Discontinuation of infliximab treatment in patients with inflammatory bowel disease who retransitioned to originator and those who remained on biosimilar

Rosanne W Meijboom; Helga Gardarsdottir; Matthijs L Becker; Kris L L Movig; Johan Kuijvenhoven; Toine C G Egberts; Thijs J Giezen

doi:10.1177/17562848231197923

Discontinuation of infliximab treatment in patients with inflammatory bowel disease who retransitioned to originator and those who remained on biosimilar

Therap Adv Gastroenterol. 2023 Sep 11:16:17562848231197923. doi: 10.1177/17562848231197923. eCollection 2023.

Authors

Rosanne W Meijboom^{1

2}, Helga Gardarsdottir^{2

3

4}, Matthijs L Becker^{1

5}, Kris L L Movig⁶, Johan Kuijvenhoven⁷, Toine C G Egberts^{2

3}, Thijs J Giezen^{8

2

5}

Affiliations

¹ Pharmacy Foundation of Haarlem Hospitals, Haarlem, the Netherlands.
² Division of Pharmacoepidemiology & Clinical Pharmacology, Utrecht Institute for Pharmaceutical Sciences, Utrecht University, Utrecht, the Netherlands.
³ Department of Clinical Pharmacy, University Medical Center Utrecht, Utrecht, the Netherlands.
⁴ Department of Pharmaceutical Sciences, University of Iceland, Reykjavik, Iceland.
⁵ Department of Clinical Pharmacy, Spaarne Gasthuis, Haarlem, the Netherlands.
⁶ Department of Clinical Pharmacy, Medisch Spectrum Twente, Enschede, the Netherlands.
⁷ Department of Gastroenterology and Hepatology, Spaarne Gasthuis, Haarlem, the Netherlands.
⁸ Pharmacy Foundation of Haarlem Hospitals, Boerhaavelaan 24, Haarlem 2035 RC, the Netherlands.

Abstract

Background: Many patients with inflammatory bowel disease (IBD) have transitioned from an infliximab originator to a biosimilar. However, some patients retransition to the originator (i.e. stop biosimilar and reinitiate the originator). Whether this sign of potential unsatisfactory treatment response is specifically related to the infliximab biosimilar or the patient and/or the disease including patients' beliefs on the biosimilar is unclear.

Objectives: We aimed to compare the risk of and reasons for infliximab discontinuation between retransitioned patients and those remaining on biosimilar.

Design: Non-interventional, multicentre cohort study.

Methods: IBD patients who transitioned from infliximab originator to biosimilar between January 2015 and September 2019 in two Dutch hospitals were eligible for this study. Retransitioned patients (retransitioning cohort) were matched with patients remaining on biosimilar (biosimilar remainder cohort). Reasons for discontinuation were categorised as the unwanted response (i.e. loss of effect or adverse events) or remission. Risk of unwanted discontinuation was compared using Cox proportional hazards models.
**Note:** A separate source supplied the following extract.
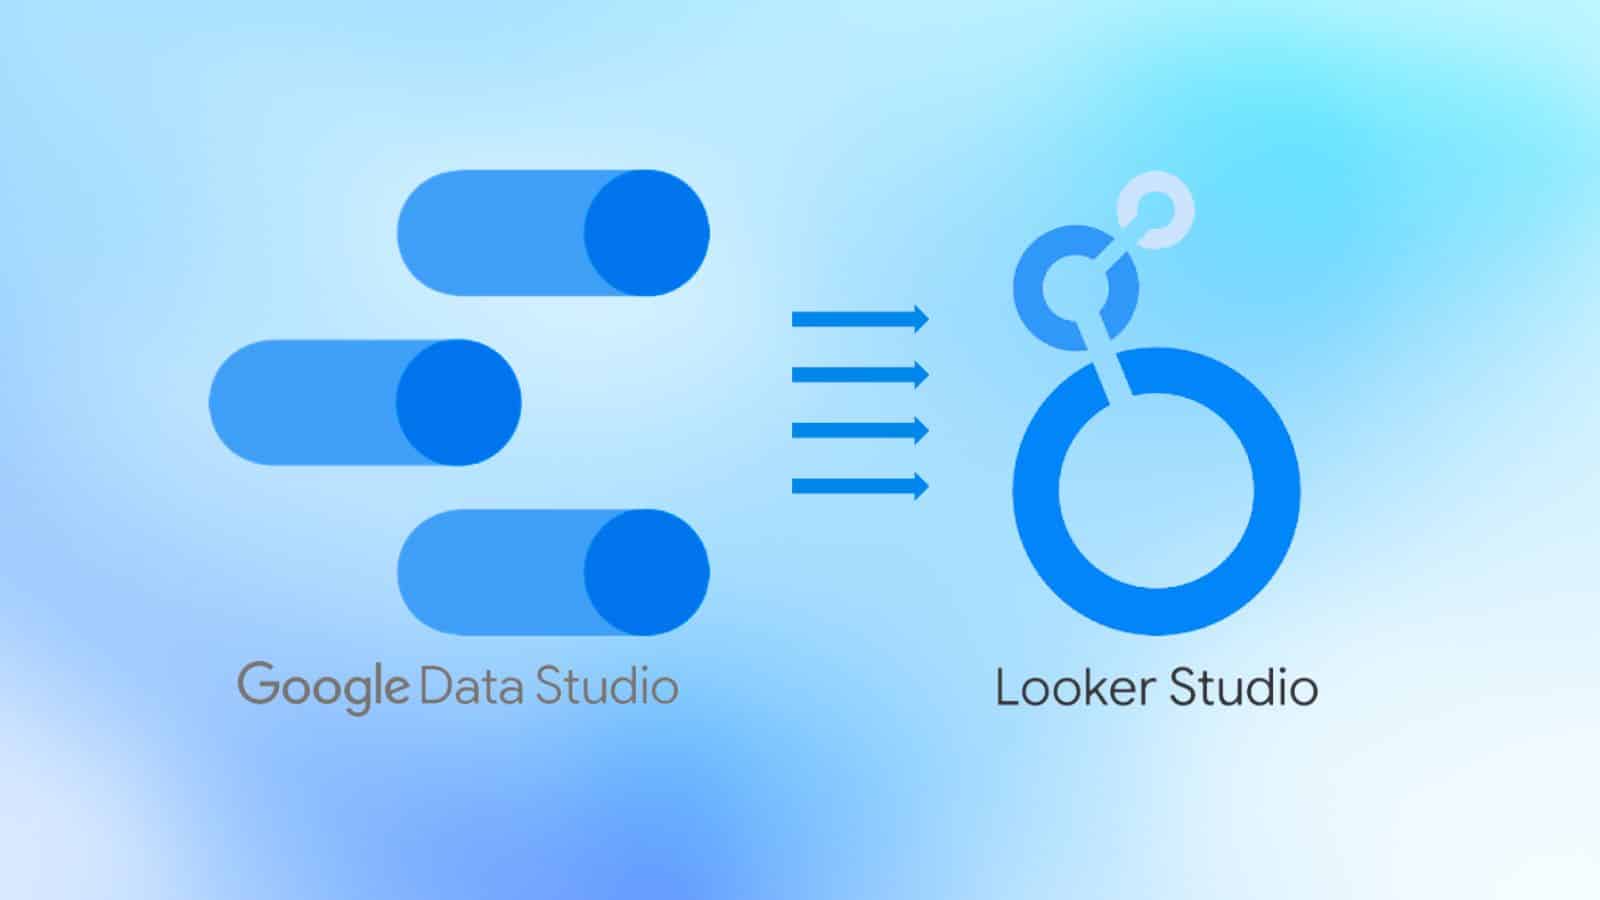 Looker Studio vs Data Studio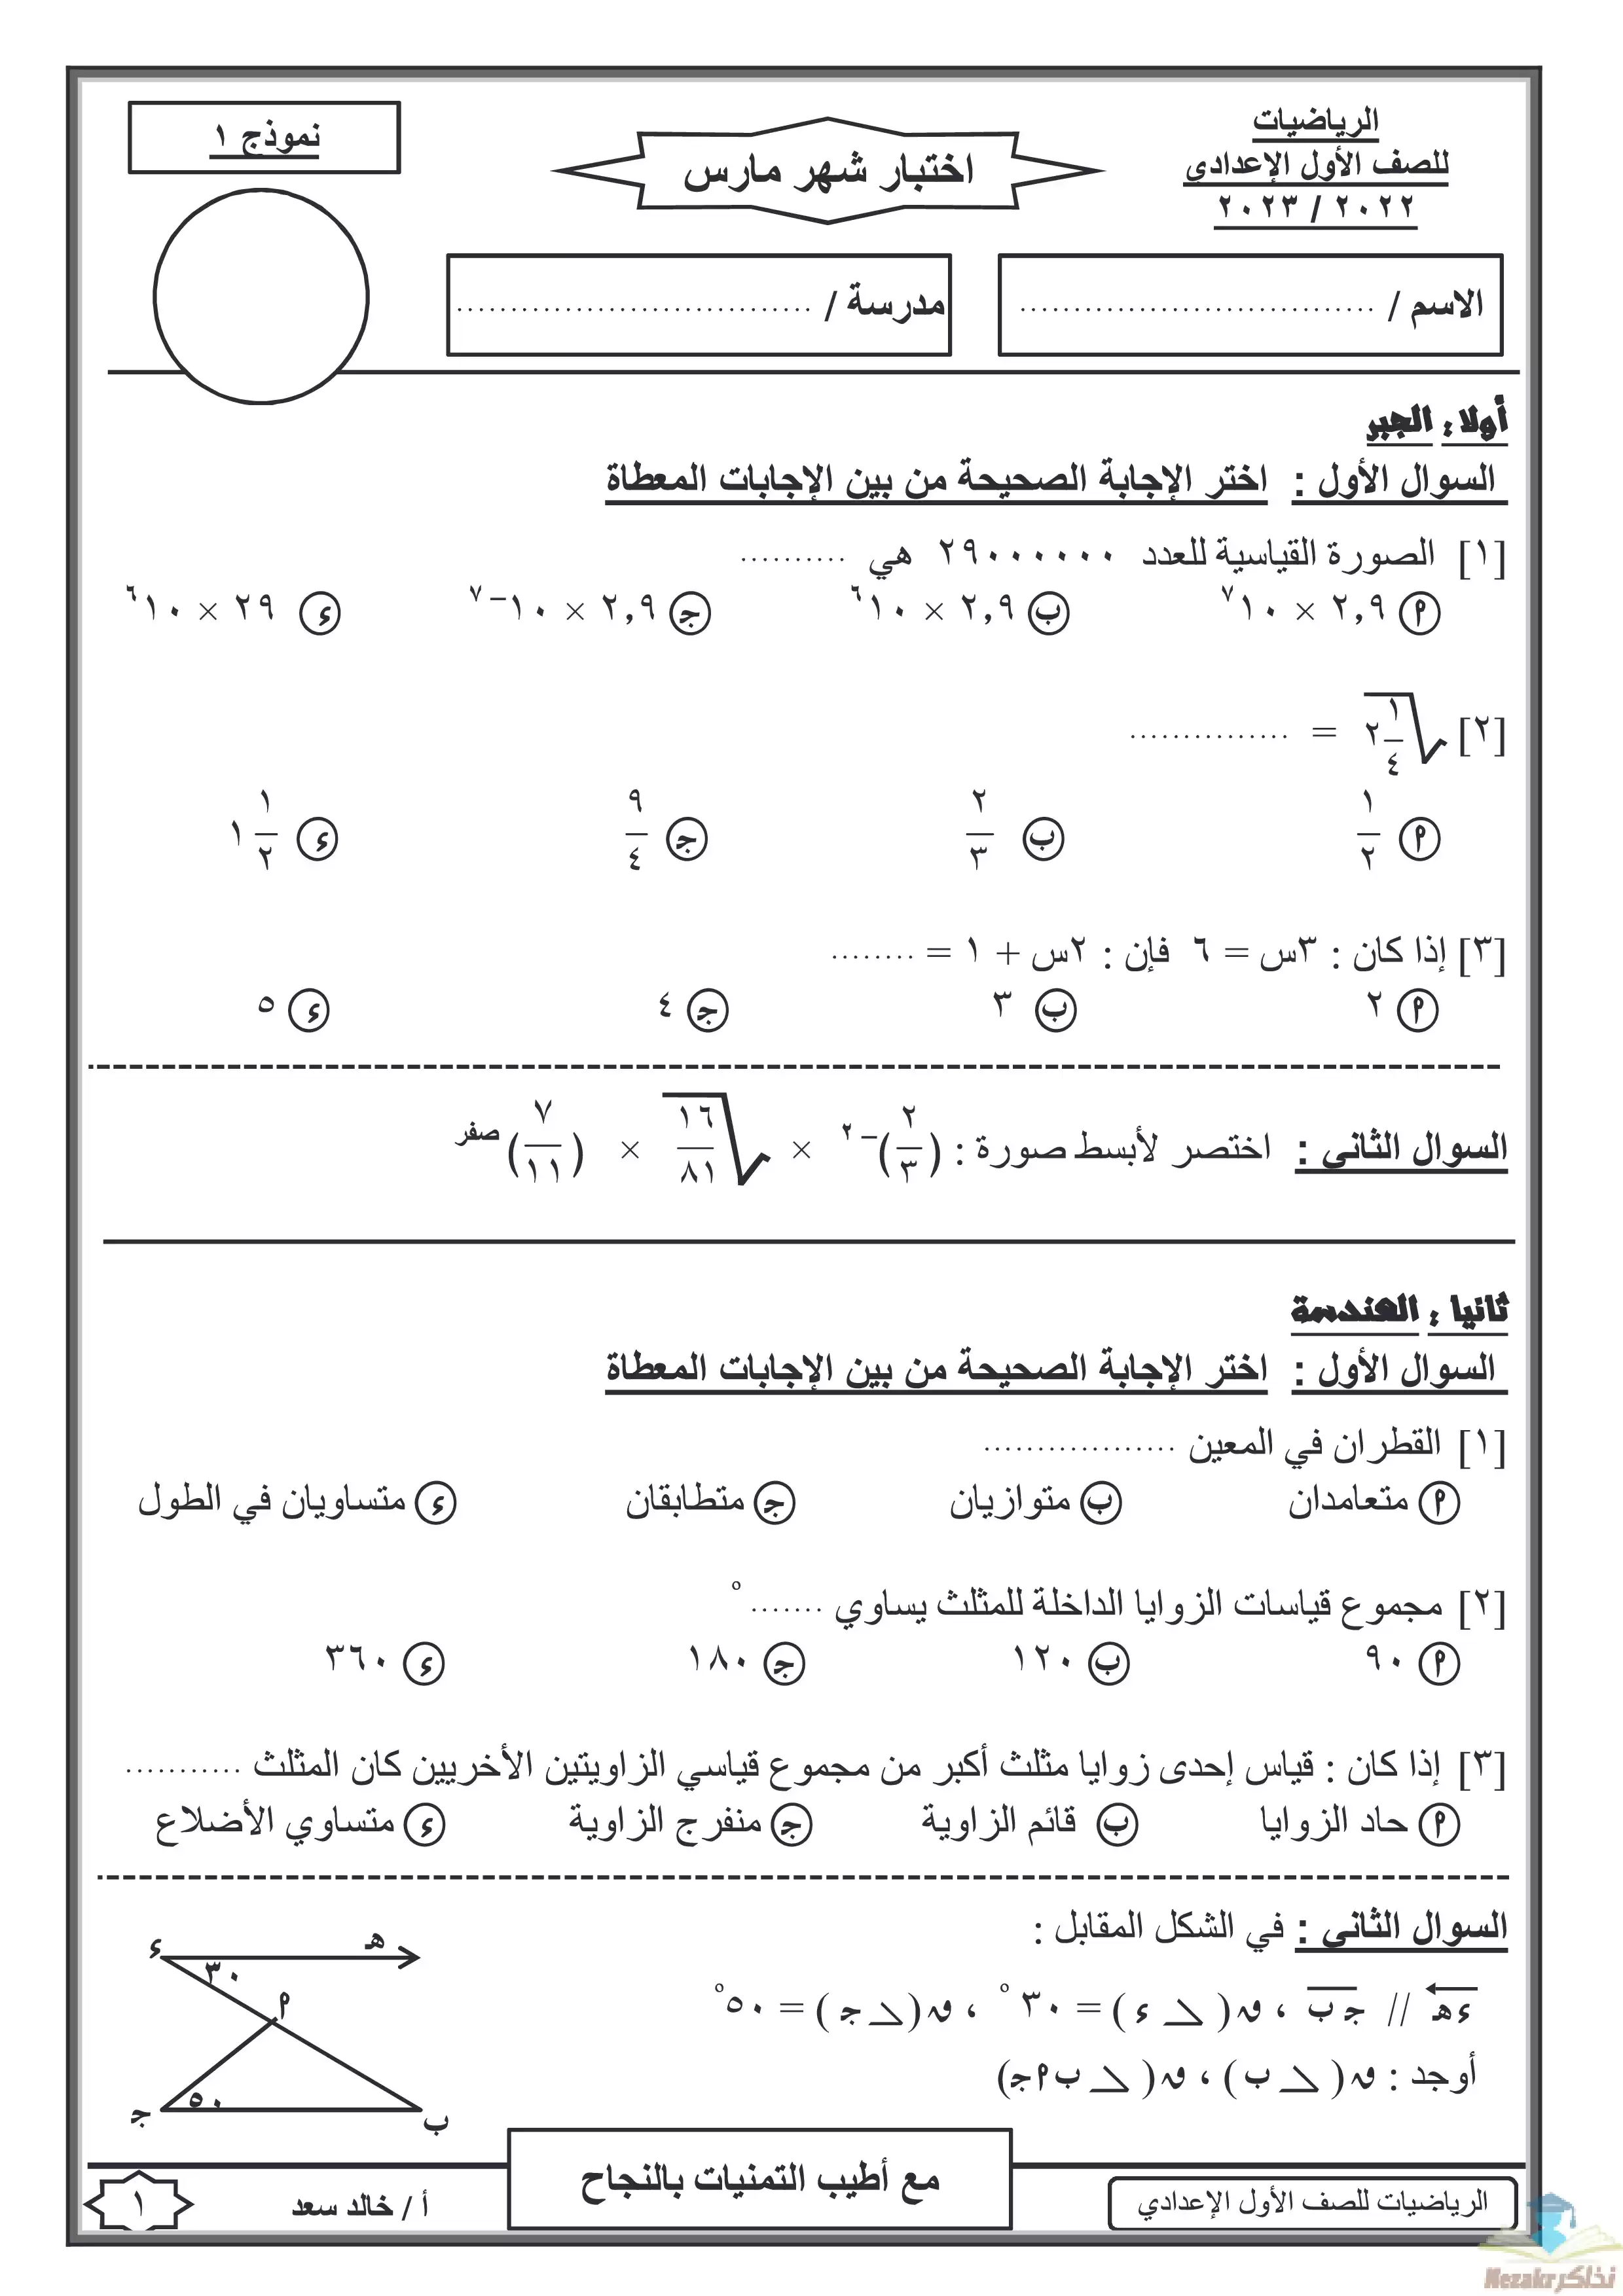 تحميل نماذج اختبارات شهر مارس للصف الأول الإعدادي في الرياضيات من إعداد أ: خالد سعد

Results: Patients in the retransitioning cohort (n = 44) were younger (median age 39.9 versus 44.0 years), more often female (65.9% versus 48.9%) and had shorter dosing intervals (median 48.5 versus 56.0 days) than in the biosimilar remainder cohort (n = 127). Infliximab discontinuation due to unwanted response was 22.7% in the retransitioning and 13.4% in the biosimilar remainder cohort, and due to remission was 2.3% and 9.4%, respectively. Retransitioned patients are at increased risk of discontinuing due to unwanted response compared with biosimilar remainder patients (adjusted HR 3.7, 95% CI: 1.0-13.9). Patients who retransitioned due to an increase in objective disease markers had higher discontinuation rates than patients who retransitioned due to symptoms only (66.7% versus 23.7%).

Conclusion: Retransitioned patients are at increased risk of infliximab discontinuation due to unwanted response. Retransitioning appeared related to the patient and/or disease and not the product. Clinicians might switch patients opting for retransitioning to other treatment regimens.

Keywords: biosimilar; inflammatory bowel disease; infliximab.